Monday, December 30, 2013

Top Twenty, Predictions (12/30)

Prediction Machine's Top Twenty

1 Oklahoma St. 35.8
2 Louisville 34.0
3 Arizona 33.1
4 Arkansas 32.7
5 Ohio St. 32.7
6 Iowa St. 32.6
7 Iowa 32.4
8 Kentucky 32.2
9 Villanova 31.9
10 Arizona St. 31.9
11 Duke 31.7
12 Creighton 31.6
13 Michigan 31.4
14 Syracuse 31.1
15 Kansas 31.0
16 Pittsburgh 30.8
17 Colorado 30.8
18 Oregon 30.8
19 Cincinnati 30.7
20 Wisconsin 30.6

The big mover this week was Syracuse jumping up 6 spots to #14 based on the solid win against Villanova -- who dropped 5 spots.  Arkansas and tOSU both moved up 3 spots.  I'm not sure why in either case, although tOSU did have a win over ND last week.  Oregon dropped 3 spots after squeaking out an OT win over BYU at home.


Not a lot of interesting games this week, although there are 3 Top 25 vs. Top 25 matchups next Sunday for some reason.

#3 tOSU vs. Purdue:  tOSU by 12

HCA won't be enough for the Boilermakers

Indiana vs. Illinois:  Indiana by 1

In the running for squeaker of the week.  If Indiana wins at Illinois and then upsets MSU later in the week, they'll probably be ranked next week.

St. Mary's vs. #24 Gonzaga: Gonzaga by 4
Good chance for an upset here -- Gonzaga is probably over-ranked.  A win by 4 at home is basically saying you're even with the visiting team.

#9 Duke vs. Notre Dame: Duke by 3
Duke outperformed last week, but this might be a trap game for them.

#5 MSU vs.
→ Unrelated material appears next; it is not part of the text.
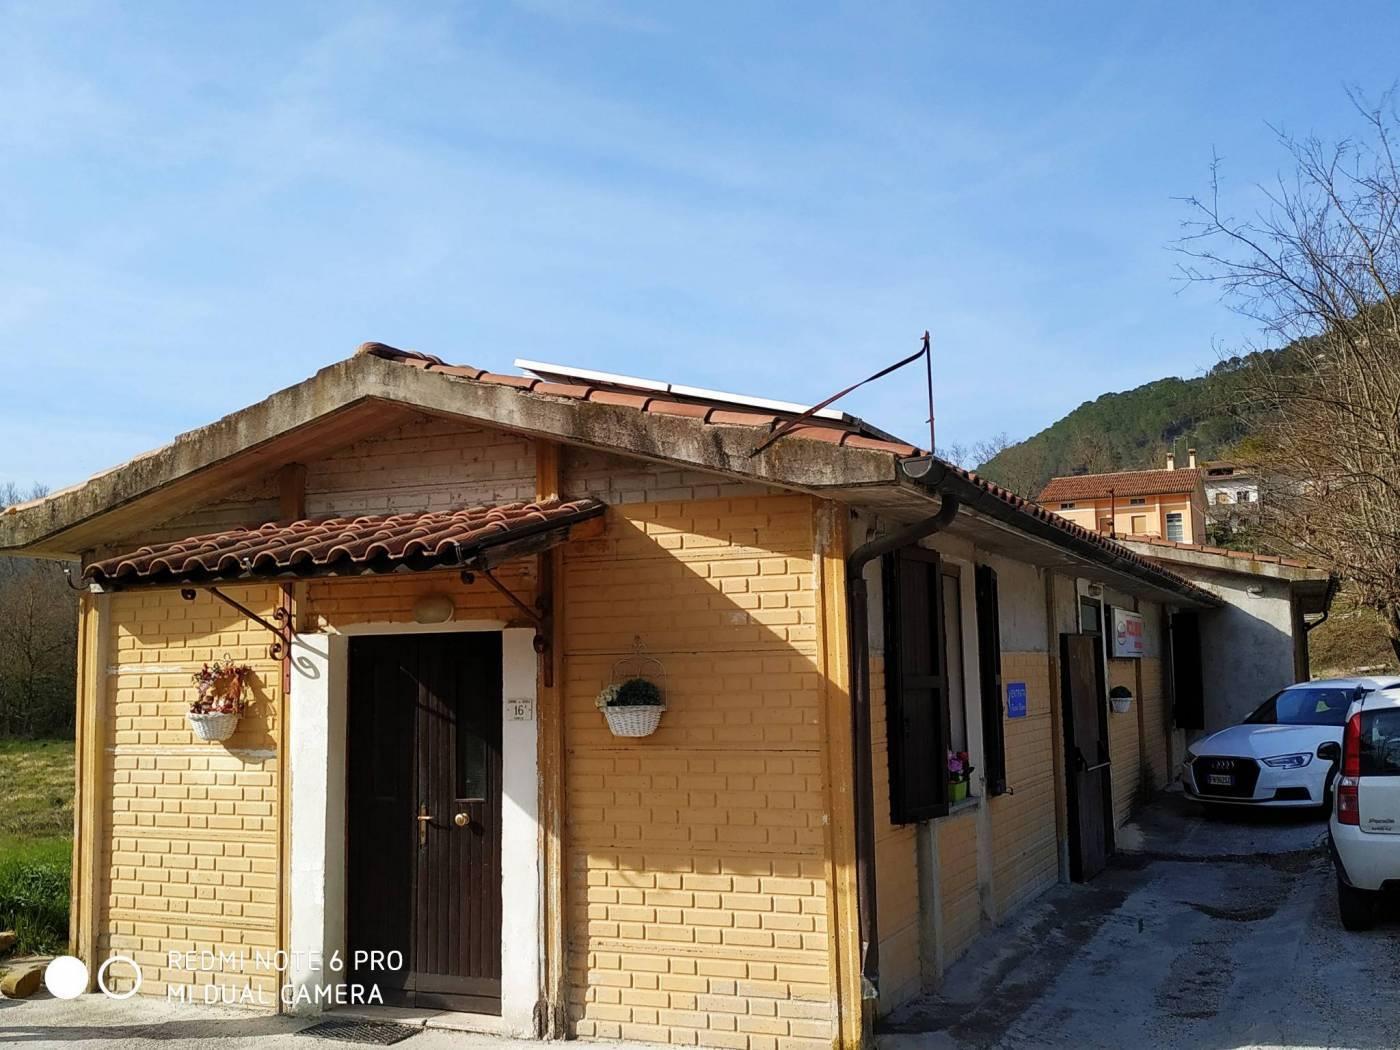 Azienda agrituristica in vendita a Genga (AN)

Indiana: MSU by 2
Indiana's chance to get ranked...

#22 Iowa vs. #4 Wisconsin:  Toss-up
Coin Toss of the Week.  The PM favors the Badgers by a tenth of a point, but that's down in the noise.
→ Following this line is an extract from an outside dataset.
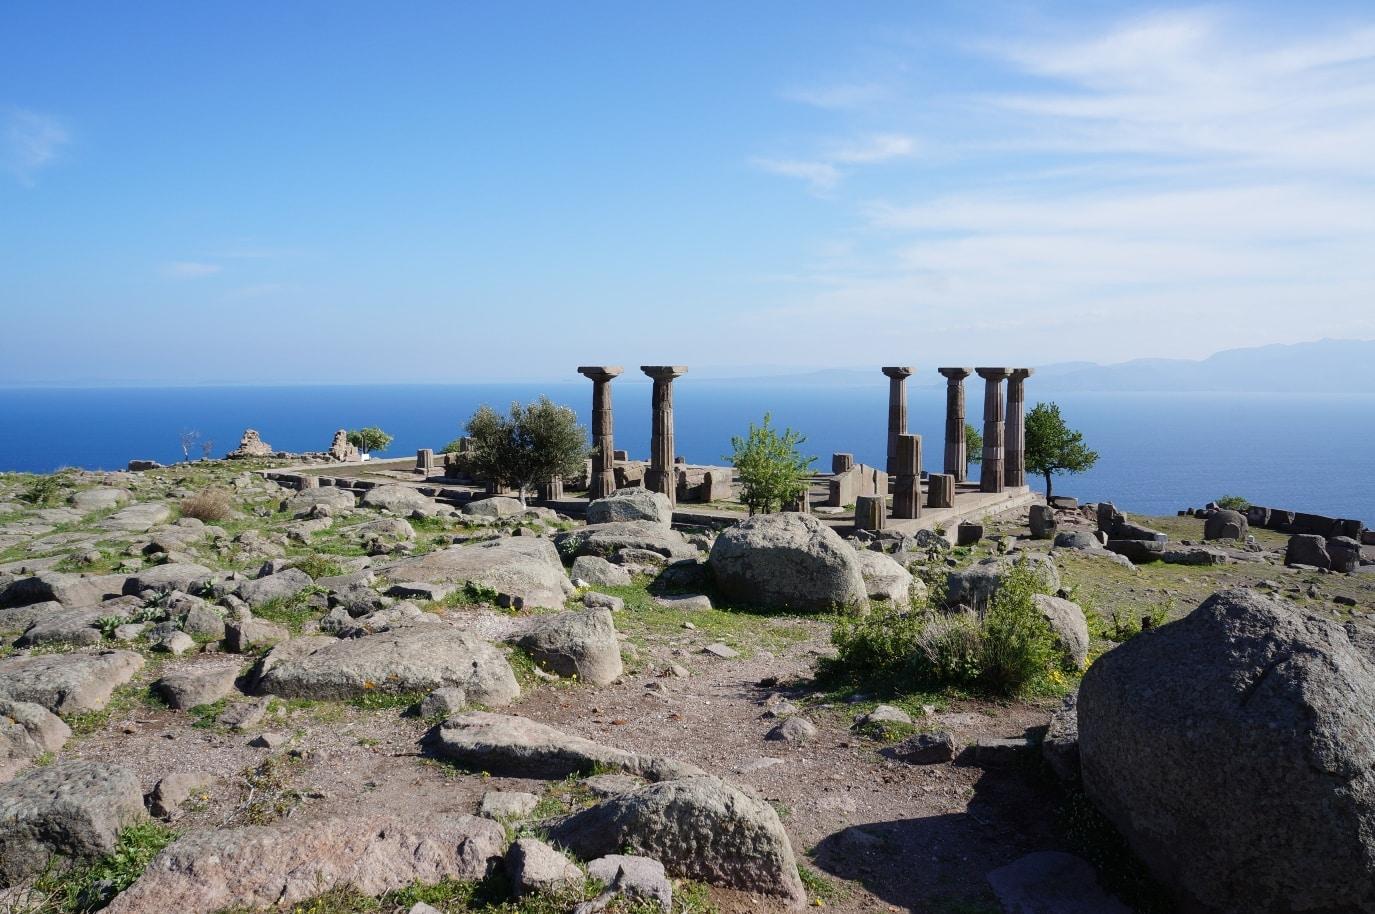 rozvaliny chrámu Athény v dórském stylu ve městě Ayvacik, Turecko

UNI vs. #10 Wichita State:  Wichita State by 5
UNI's probably not good enough to win this on the road.

#12 Oregon vs. #21 Colorado:  Colorado by 3
The PM has these teams as nearly identical strength, so this goes to Colorado playing at home.

#20 SDSU vs. #16 Kansas:  Kansas by 4.5
The PM's not nearly as fond of SDSU as the AP -- it has them down around #60 in the country -- so this should be a pedestrian win for Kansas.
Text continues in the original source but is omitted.